Differentiation of Functions

Differentiation of Functions Logo

Quotient Rule

  • The quotient rule is a formal rule for differentiating of a quotient of functions.

    Let \(u\left( x \right)\) and \(v\left( x \right)\) be again differentiable functions. Then, if \(v\left( x \right) \ne 0\), the derivative of the quotient of these functions is calculated by the formula

    \[{\left( {\frac{u}{v}} \right)^\prime } = {\frac{{u’v – uv’}}{{{v^2}}}.}\]
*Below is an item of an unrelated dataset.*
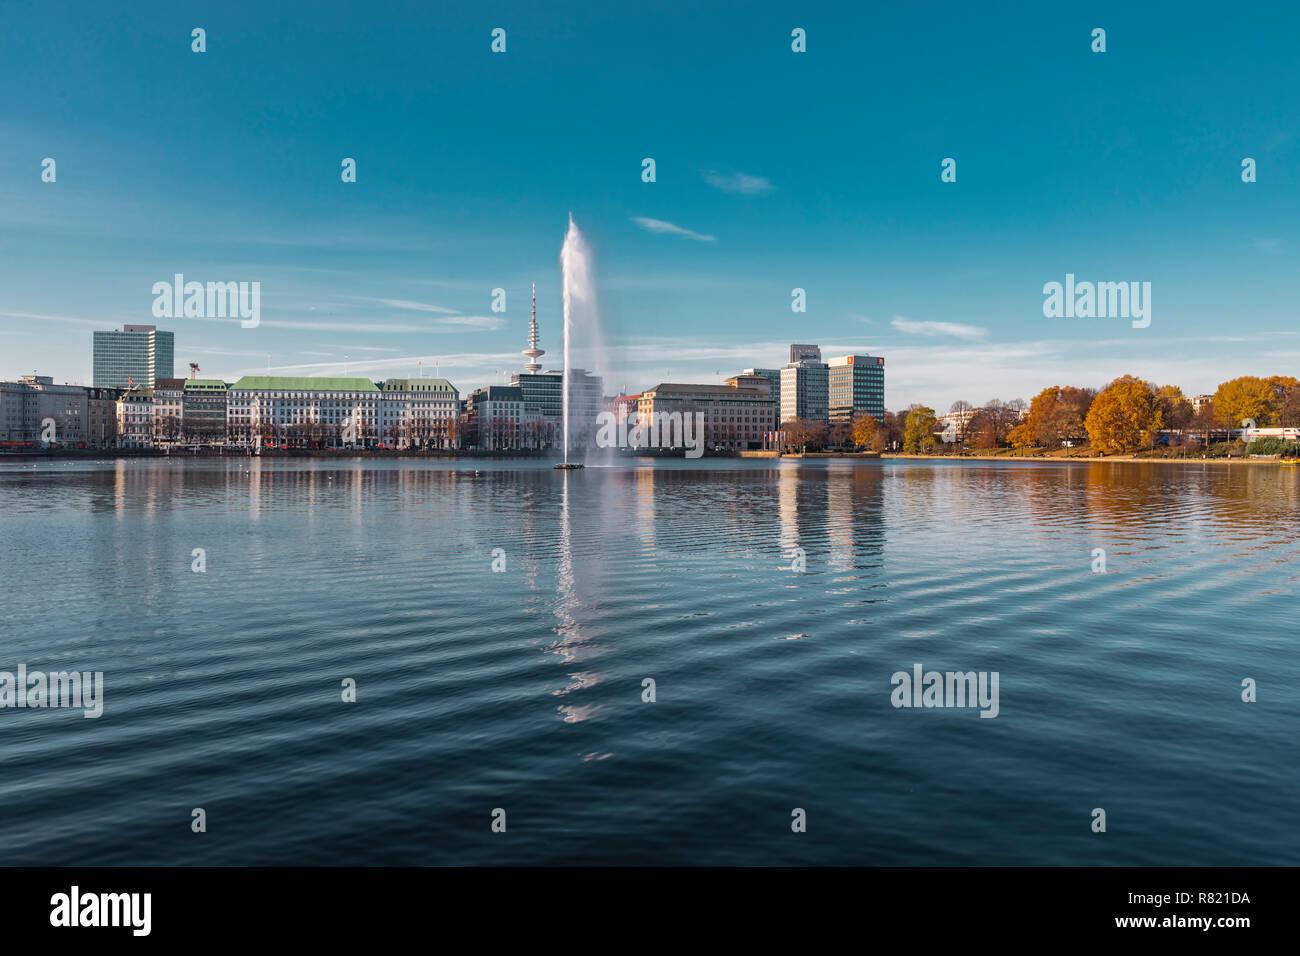 Hamburgo, Alemania - Noviembre 15, 2018: Vista del Binnenalster y su fuente en la ciudad de Hamburgo en Alemania, con el cielo azul como fondo. Foto de stock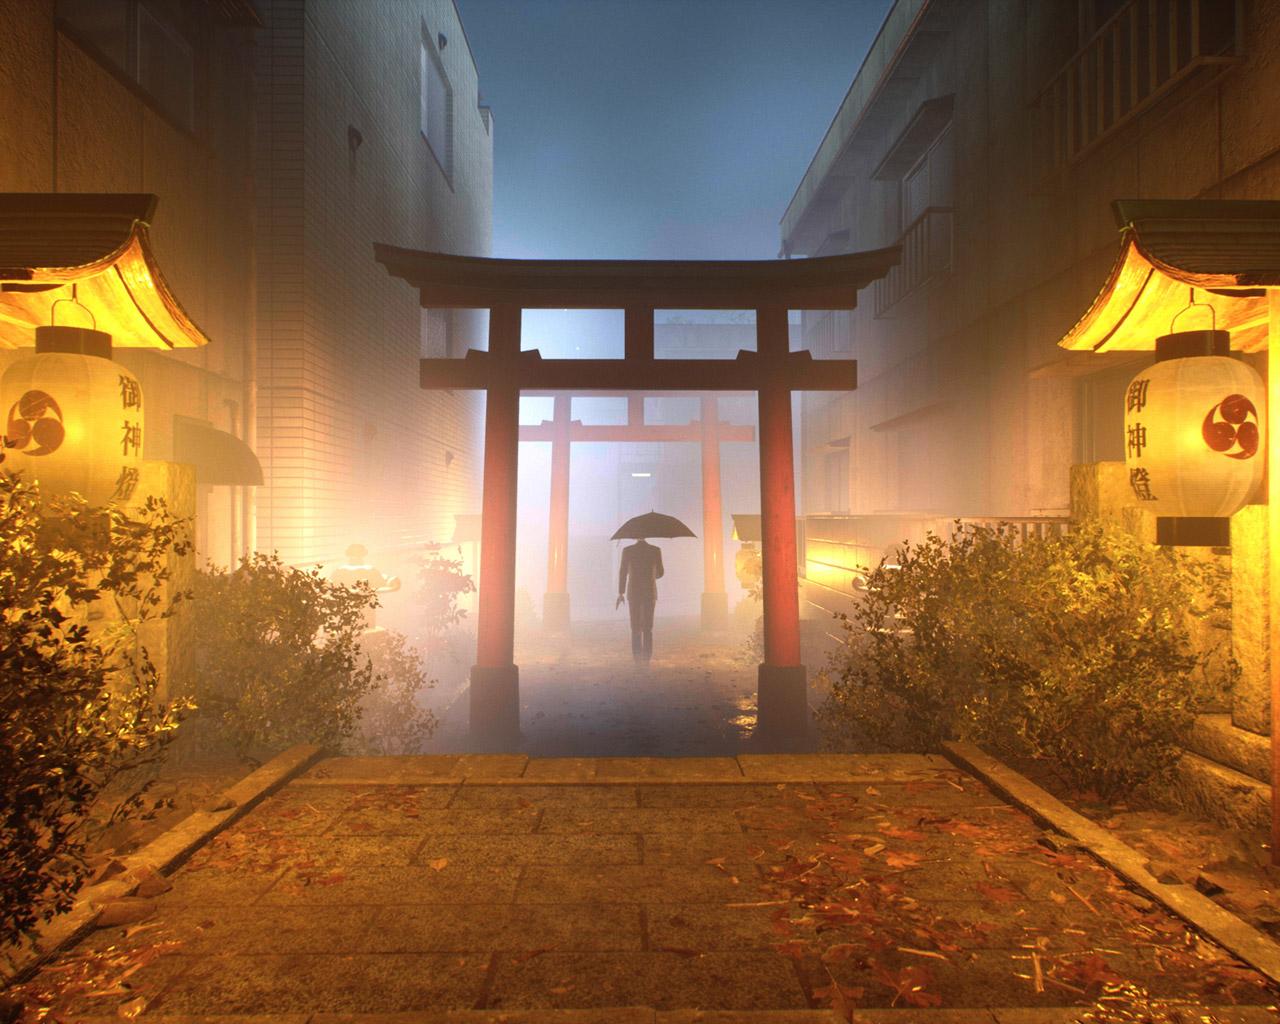 Free GhostWire: Tokyo Wallpaper in 1280x1024

    This formula is proved similarly. The increment of the quotient can be written as

    \[\require{cancel}
    {\Delta \left( {\frac{u}{v}} \right) }={ \frac{{u + \Delta u}}{{v + \Delta v}} – \frac{u}{v} }
    = {\frac{{\left( {u + \Delta u} \right)v – u\left( {v + \Delta v} \right)}}{{v\left( {v + \Delta v} \right)}} }
    = {\frac{{\cancel{uv} + v\Delta u – \cancel{uv} – u\Delta v}}{{v\left( {v + \Delta v} \right)}} }
    = {\frac{{v\Delta u – u\Delta v}}{{v\left( {v + \Delta v} \right)}}.}
    \]

    The derivative of the quotient is expressed as follows:

    \[
    {{\left( {\frac{u}{v}} \right)^\prime } }={ \lim\limits_{\Delta x \to 0} \frac{{\Delta \left( {\frac{u}{v}} \right)}}{{\Delta x}} }
    = {\lim\limits_{\Delta x \to 0} \frac{{\frac{{v\Delta u – u\Delta v}}{{{v^2} + v\Delta v}}}}{{\Delta x}} }
    = {\lim\limits_{\Delta x \to 0} \frac{{v\frac{{\Delta u}}{{\Delta x}} – u\frac{{\Delta v}}{{\Delta x}}}}{{{v^2} + v\Delta v}}.}
    \]

    Further, using the properties of limits, we find:

    \[
    {{\left( {\frac{u}{v}} \right)^\prime } }={ \lim\limits_{\Delta x \to 0} \frac{{v\frac{{\Delta u}}{{\Delta x}} – u\frac{{\Delta v}}{{\Delta x}}}}{{{v^2} + v\Delta v}} }
    = {\frac{{v\lim\limits_{\Delta x \to 0} \frac{{\Delta u}}{{\Delta x}} – u\lim\limits_{\Delta x \to 0} \frac{{\Delta v}}{{\Delta x}}}}{{\lim\limits_{\Delta x \to 0} {v^2} + \lim\limits_{\Delta x \to 0} \left( {v\Delta v} \right)}} }
    = {\frac{{u’v – uv’}}{{{v^2} + v\lim\limits_{\Delta x \to 0} \Delta v}}.}
    \]

    Taking into account that \({\lim\limits_{\Delta x \to 0} \Delta v} = 0\) we obtain the final expression for the derivative of the quotient of two functions:

    \[{\left( {\frac{u}{v}} \right)^\prime } = \frac{{u’v – uv’}}{{{v^2}}}.\]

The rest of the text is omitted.